SPARSEMEM essentially is a replacement for DISCONTIGMEM providing
support for non-contigious memory but with the advantage of handling
both inter- and intra-node memory holes. The goal of the implementation
was to design a clean memory memory model covering the needs of both UMA
and NUMA discontigouos memory layouts whilst providing a basis for
hotplug. This should allow us to consolidate the implementation of
various "discontiguous" memory model whilst trying to fix its short comings.

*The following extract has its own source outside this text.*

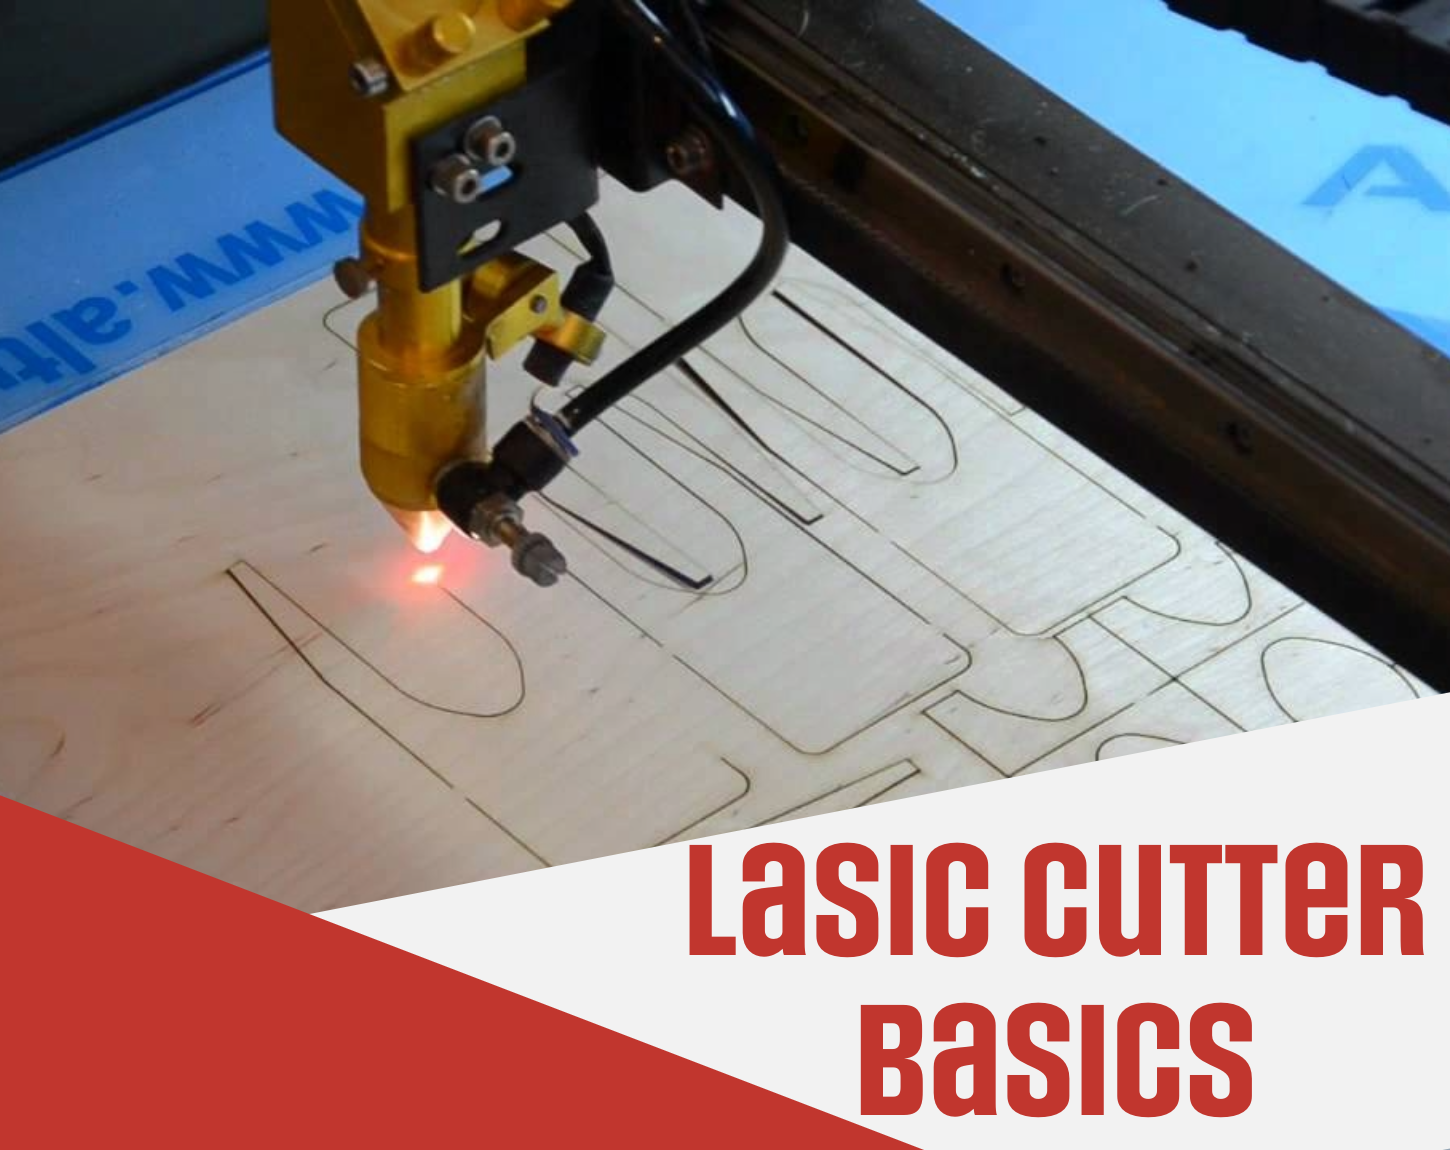 Laser Cutter Basics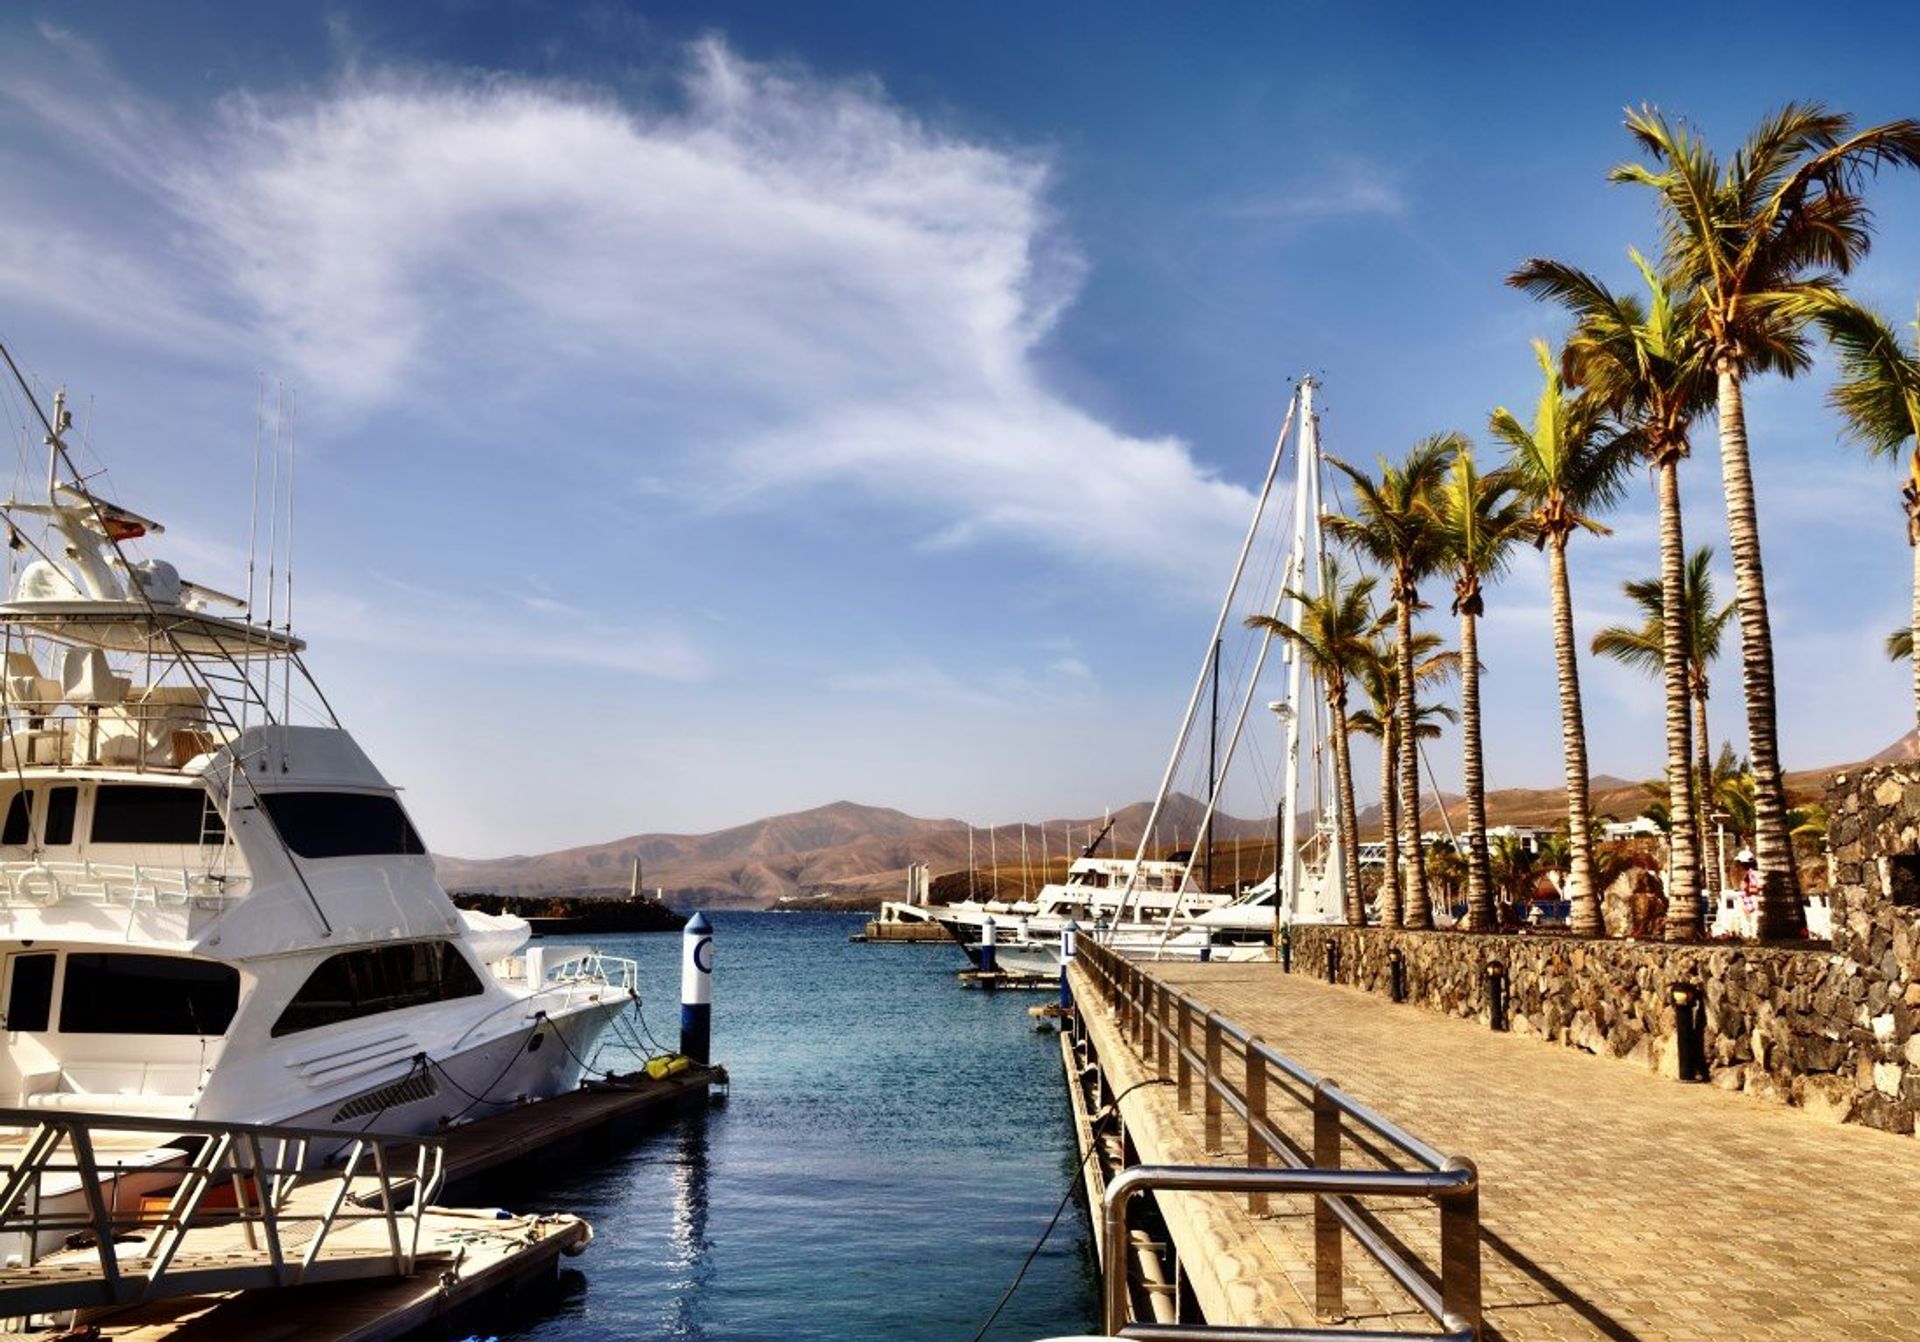 Watch the world go by at Puerto Calero's luxury marina

Hotplug at its most complex puts two requirements on the memory model.
Firstly, It requires the arbirary replacement of physical memory with
memory which may be at a different address (the breaking of V=P+c) to
cope with the case of memory replacement under unmovable kernel objects.
Secondly, it requires we cope with memory "all over" the physical map.
SPARSEMEM is geared towards providing the required infrastructure for
NONLINEAR memory needed in hotplug. The idea being that NONLINEAR would
be layered on top of it and share its implementation.

-apw.

2005-03-28 20:41:17

by Pavel Machek

[permalink] [raw]
Subject: Re: [PATCH 0/4] sparsemem intro patches

Hi!

> Three of these are i386-only, but one of them reorganizes the macros
> used to manage the space in page->flags, and will affect all platforms.
> There are analogous patches to the i386 ones for ppc64, ia64, and
> x86_64, but those will be submitted by the normal arch maintainers.
>
> The combination of the four patches has been test-booted on a variety of
> i386 hardware, and compiled for ppc64, i386, and x86-64 with about 17
> different .configs. It's also been runtime-tested on ia64 configs (with
> more patches on top).

Could you try swsusp on i386, too?
--
64 bytes from 195.113.31.123: icmp_seq=28 ttl=51 time=448769.1 ms

2005-03-28 21:23:36

by Dave Hansen

[permalink] [raw]
Subject: Re: [PATCH 0/4] sparsemem intro patches

On Sat, 2005-03-19 at 20:33 +0100, Pavel Machek wrote:
> > Three of these are i386-only, but one of them reorganizes the macros
> > used to manage the space in page->flags, and will affect all platforms.
> > There are analogous patches to the i386 ones for ppc64, ia64, and
> > x86_64, but those will be submitted by the normal arch maintainers.
> >
> > The combination of the four patches has been test-booted on a variety of
> > i386 hardware, and compiled for ppc64, i386, and x86-64 with about 17
> > different .configs. It's also been runtime-tested on ia64 configs (with
> > more patches on top).
>
> Could you try swsusp on i386, too?

Runtime, or just compiling?

Have you noticed a real problem?

-- Dave

2005-03-28 22:23:16

by Pavel Machek

[permalink] [raw]
Subject: Re: [PATCH 0/4] sparsemem intro patches

Hi!

> > > Three of these are i386-only, but one of them reorganizes the macros
> > > used to manage the space in page->flags, and will affect all platforms.
> > > There are analogous patches to the i386 ones for ppc64, ia64, and
> > > x86_64, but those will be submitted by the normal arch maintainers.
> > >
> > > The combination of the four patches has been test-booted on a variety of
> > > i386 hardware, and compiled for ppc64, i386, and x86-64 with about 17
> > > different .configs. It's also been runtime-tested on ia64 configs (with
> > > more patches on top).
> >
> > Could you try swsusp on i386, too?
>
> Runtime, or just compiling?
>
> Have you noticed a real problem?

I'd prefer runtime, but.... No, I did not notice anything, but in past
we have some "interesting" problems with discontigmem... and this
looks similar.
Pavel
--
People were complaining that M$ turns users into beta-testers...
...jr ghea gurz vagb qrirybcref, naq gurl frrz gb yvxr vg gung jnl!